We consider the relaxation to the “left” lower level (AL(L)) as Decision L and the relaxation to the “right” (AR(L)) as Decision R. Importantly, the energy dissipation should be absorbed by the surrounding environments; this is where the local reservoir comes into play. If the surrounding environment cannot accommodate energy dissipation, the excitation in the upper level cannot be relaxed to lower levels; one such phenomenon is known as the phonon bottleneck [22].

Here, we see a direct correspondence between the relaxation in the visible system and the energy dissipation occurring in the surrounding environment that provides the local reservoir. The relaxation to the lower-left level in the visible system, i.e., Decision L denoted by a green arrow (Fig 2A), corresponds to an excitation in the upper-right level in the local reservoir, which is also indicated by the green arrow (Fig 2B). Conversely, the relaxation to the lower-right level in the visible system, i.e., Decision R denoted by a yellow arrow, corresponds to an excitation in the upper-left level in the local reservoir, also marked by a yellow arrow. As a consequence, the relaxation in the visible system could be biased toward the left (or Decision L) or right (Decision R) if the local reservoir accommodates excitations in an unbalanced manner to the right or left, respectively. Ultimately, if excitations in the local reservoir are exclusively allowed to the right (indicated by green arrows), for example, consecutive decisions observed in the visible system are all Decision L (shown by the green arrow).
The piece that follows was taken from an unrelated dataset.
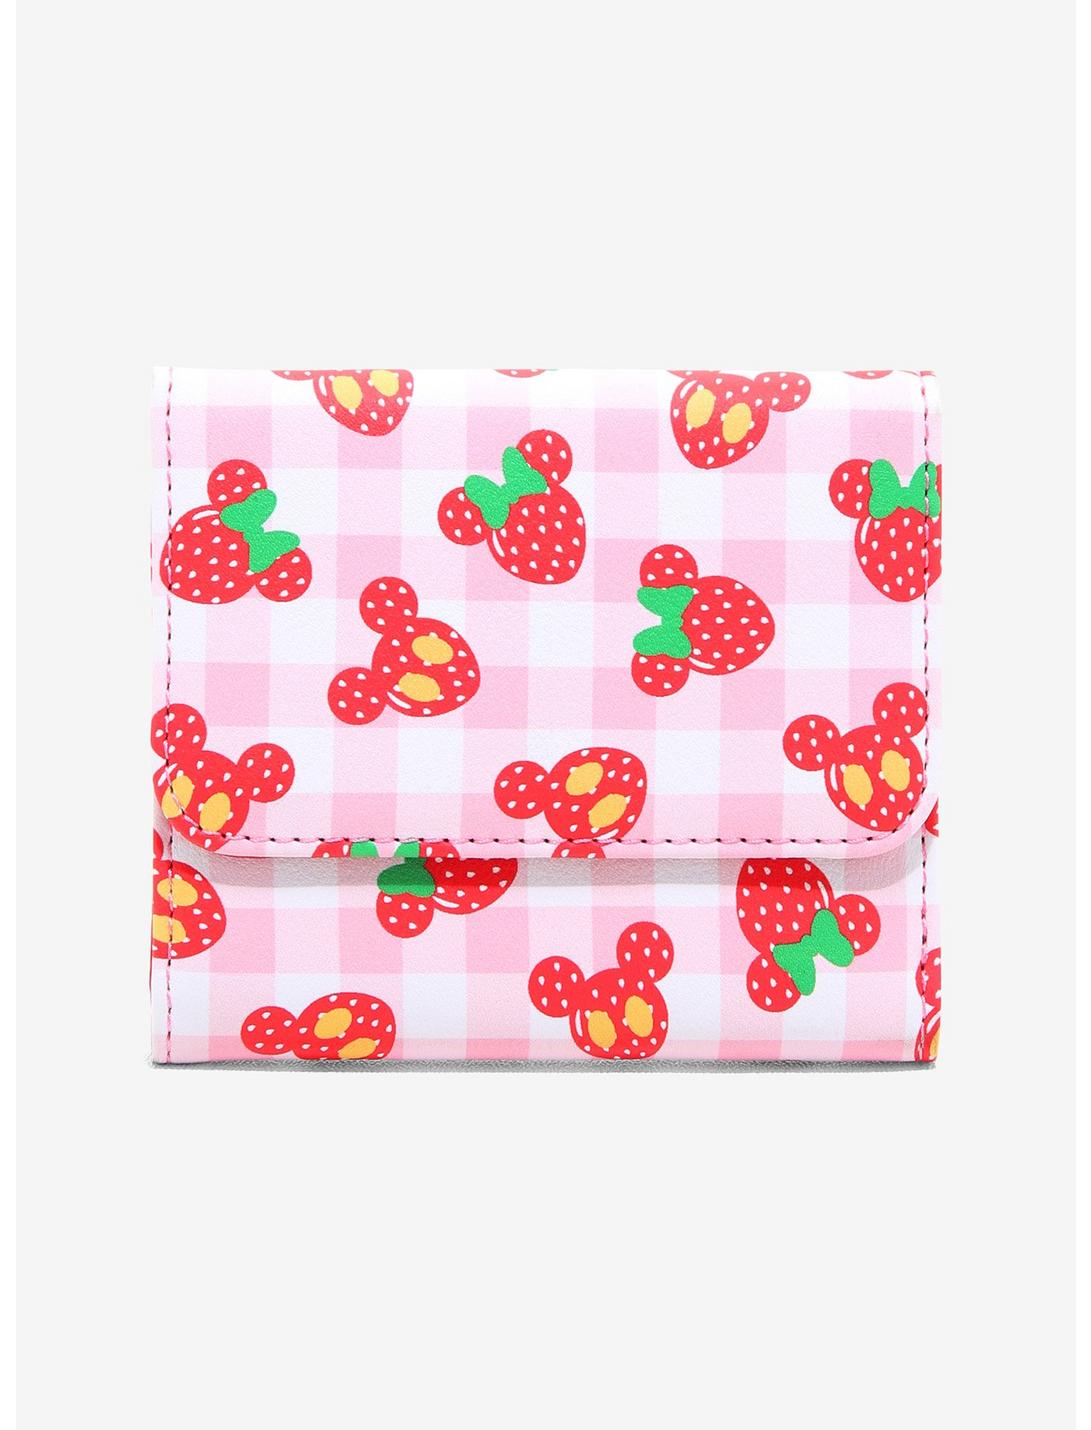 Loungefly Disney Minnie Mouse Strawberry Mini Flap Wallet, , hi-res

We then quantitively analyze the behavior using the following model. The number of lower energy levels in the local reservoir is denoted by N, which is equal to five in the schematic diagram shown in Fig 2. Each of the energy levels is denoted by Li(L) where i ranges from 1 to N. The upper energy levels are labeled by Li(U), where i ranges from 1 to N + 1. Here, we recall that Decision L is regarded as a relaxation to the left lower energy level in the apparent system. Correspondingly, one excitation located in the lower energy level in the local reservoir is excited in the upper level on the right side. For example, the arrow denoted by L2 in Fig 2 is a rightward excitation from L2(L) to L3(U). Actually, the decision (or relaxation) observed in the apparent system stems from such an excitation in the local reservoir. We can equate the decision indicated by the apparent system with an excitation in the local reservoir.

Consequently, because the excitation originally located at L2(L) is now excited, the possibility of excitation from L2(L) to L2(U), marked by R2, is zero. In addition, because energy level L3(U) is now occupied, another excitation resting in L3(L) cannot be excited to L3(U), marked by R3. As a result, two yellow-colored arrows (R2 and R3) are disabled; energy excitation by these means is unavailable, whereas the disabled green arrow is only L2. Therefore, what follows is that the number of green arrows is greater than the number of yellow arrows; hence, an excitation is more likely to be induced via one of the green arrows in the local reservoir in the next step. This means that Decision L is more preferably chosen than Decision R, demonstrating the occurrence of CBL. Specifically, the selection of the first decision (Decision L) leads to a greater likelihood of choosing that same decision (Decision L) in the second round. For the 3rd decision, there are three green arrows and only one yellow arrow in the local reservoir; thus, the likelihood of Decision L is more probable than Decision R.

If the size of the local reservoir is large enough (N ≫ 1), one decision does not create a significant impact on the local reservoir. The imbalance between the green and yellow arrows is negligible. Therefore, consecutive decisions will not be affected by past decisions, thereby demonstrating lower degrees of CBL. In contrast, if the size of the local reservoir is small, a biased distribution occurs in the local reservoir, as described in the abovementioned example, which leads to a high degree of CBL.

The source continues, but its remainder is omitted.